*WORK TO BE COMPLETED*:
From the line that holds "These vintage Valentino" down to the last line of the listing below, transcribe exactly and only those lines. Leave pictures out.

*DATA BELOW*:
##############################

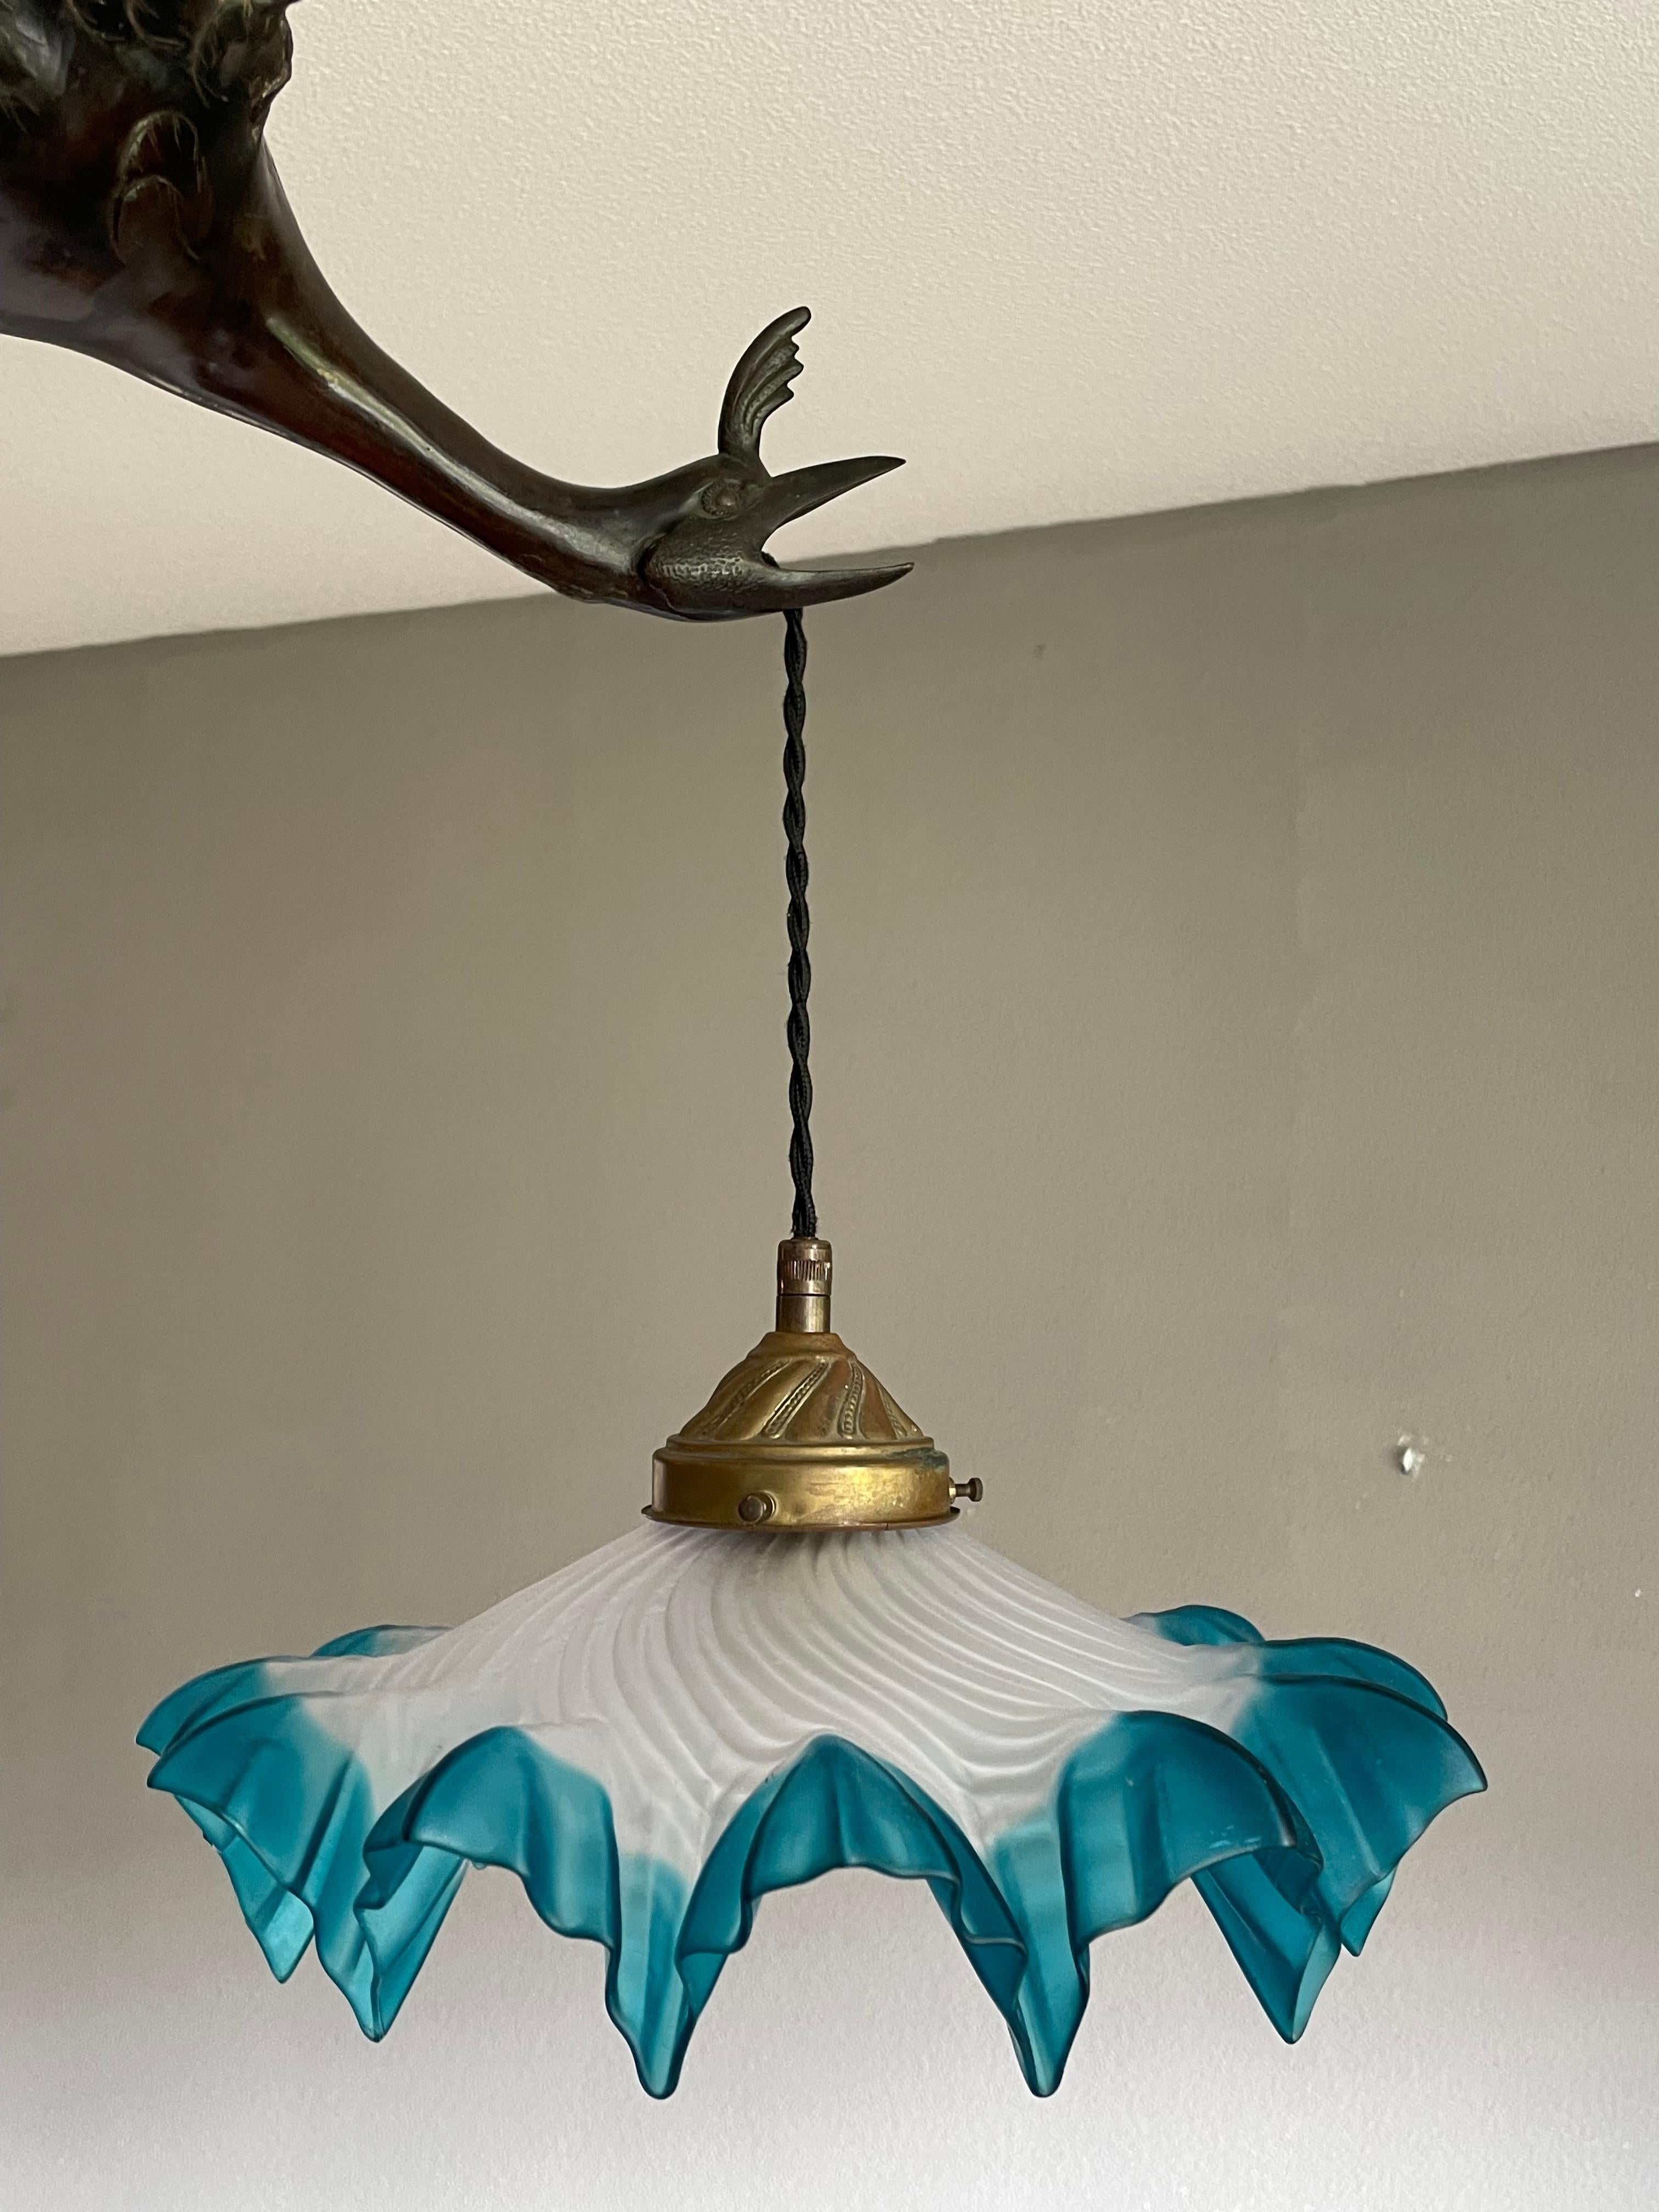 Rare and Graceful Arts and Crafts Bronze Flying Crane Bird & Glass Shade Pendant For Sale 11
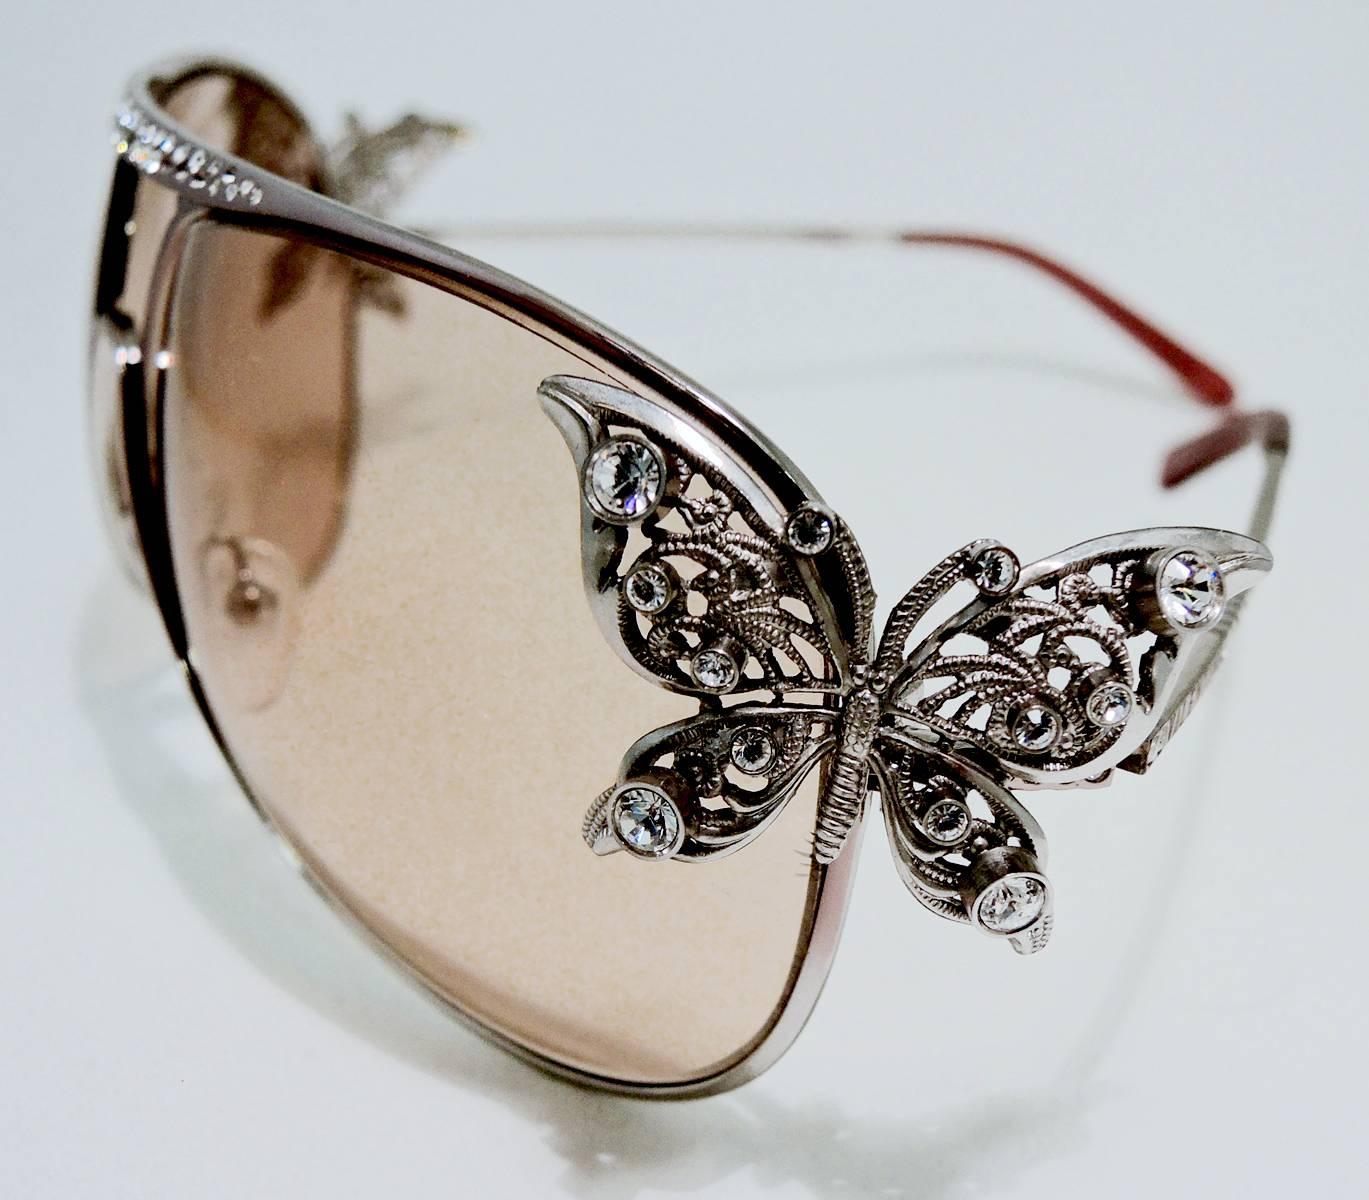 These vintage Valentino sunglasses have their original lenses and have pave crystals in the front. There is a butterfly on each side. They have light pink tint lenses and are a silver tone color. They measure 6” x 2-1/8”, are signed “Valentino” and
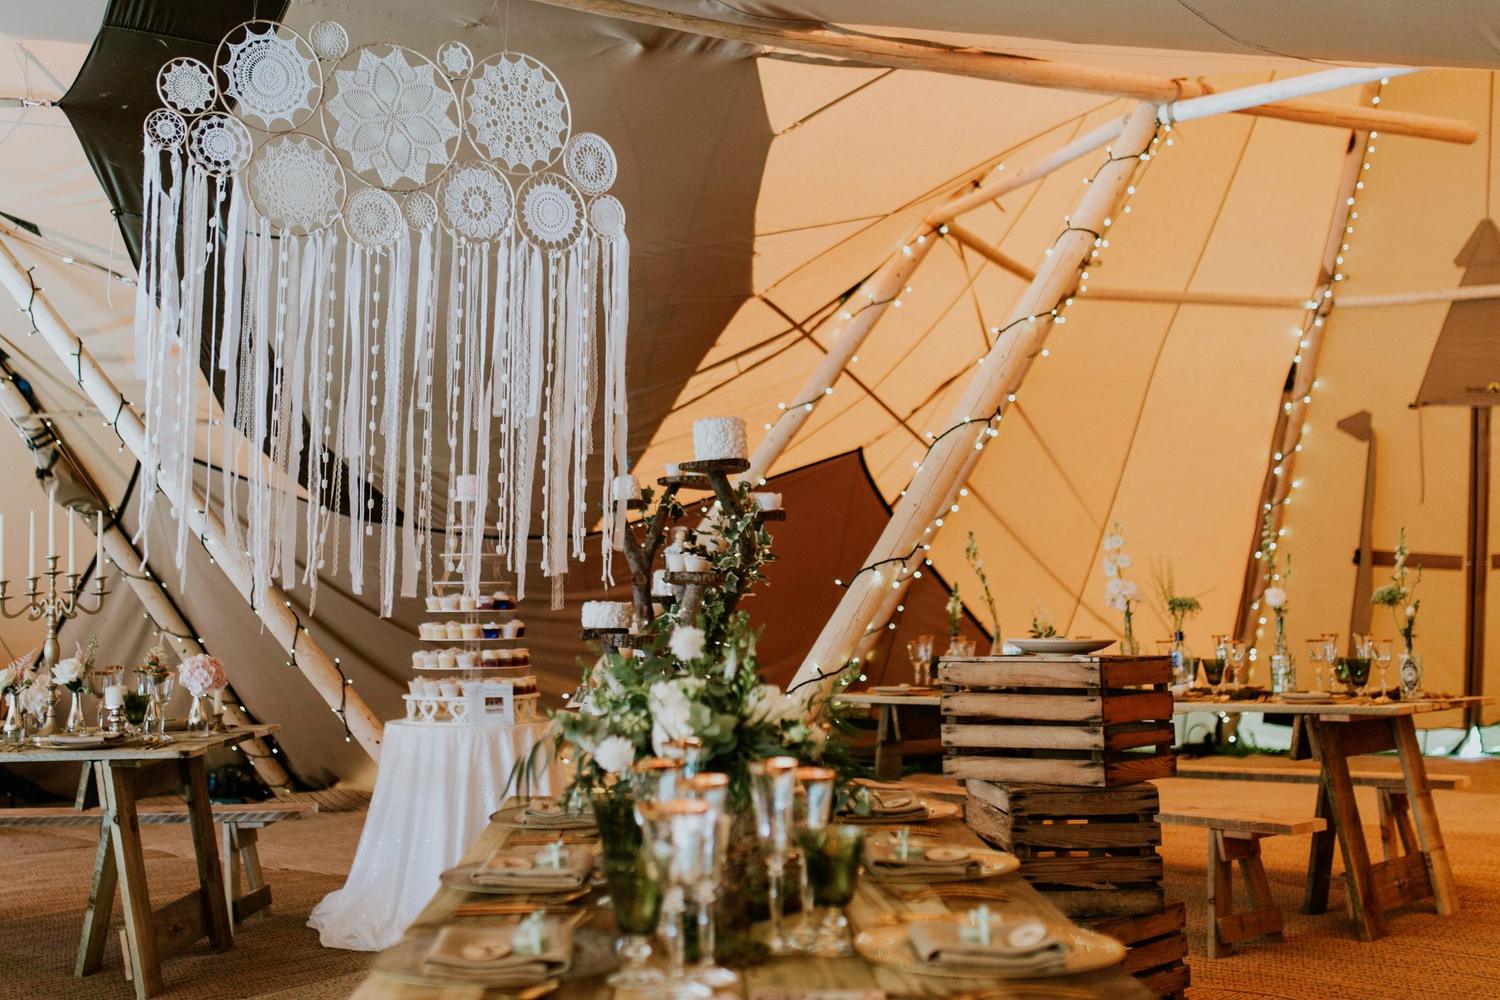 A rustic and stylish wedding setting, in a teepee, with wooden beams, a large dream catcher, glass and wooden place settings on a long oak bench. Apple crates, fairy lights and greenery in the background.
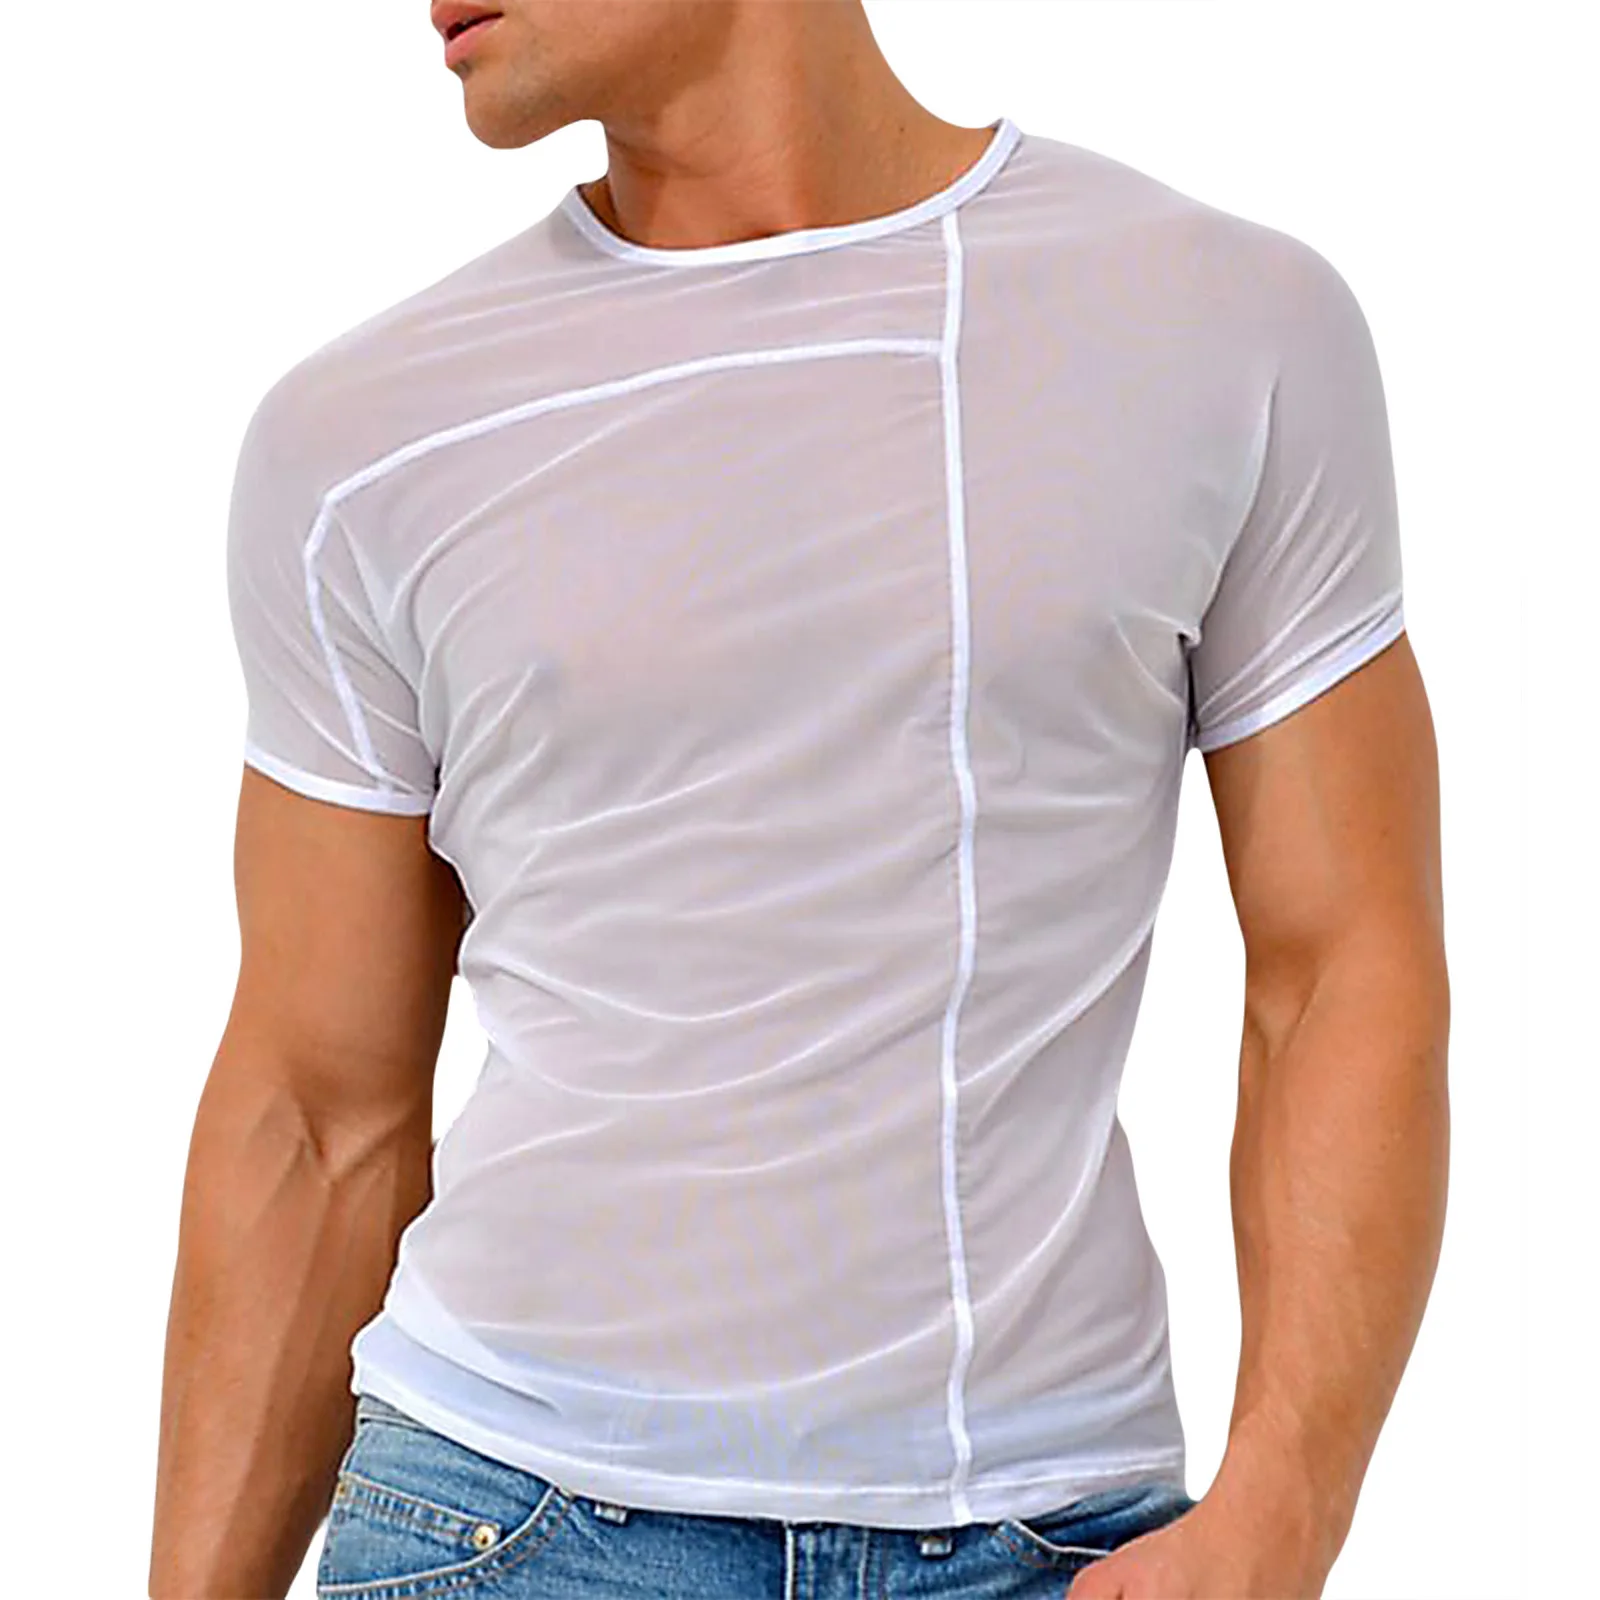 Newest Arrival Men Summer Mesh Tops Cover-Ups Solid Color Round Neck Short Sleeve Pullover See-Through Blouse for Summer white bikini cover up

##############################

*RESPONSE*:
 These vintage Valentino sunglasses have their original lenses and have pave crystals in the front. There is a butterfly on each side. They have light pink tint lenses and are a silver tone color. They measure 6” x 2-1/8”, are signed “Valentino” and
 A rustic and stylish wedding setting, in a teepee, with wooden beams, a large dream catcher, glass and wooden place settings on a long oak bench. Apple crates, fairy lights and greenery in the background.
 Newest Arrival Men Summer Mesh Tops Cover-Ups Solid Color Round Neck Short Sleeve Pullover See-Through Blouse for Summer white bikini cover up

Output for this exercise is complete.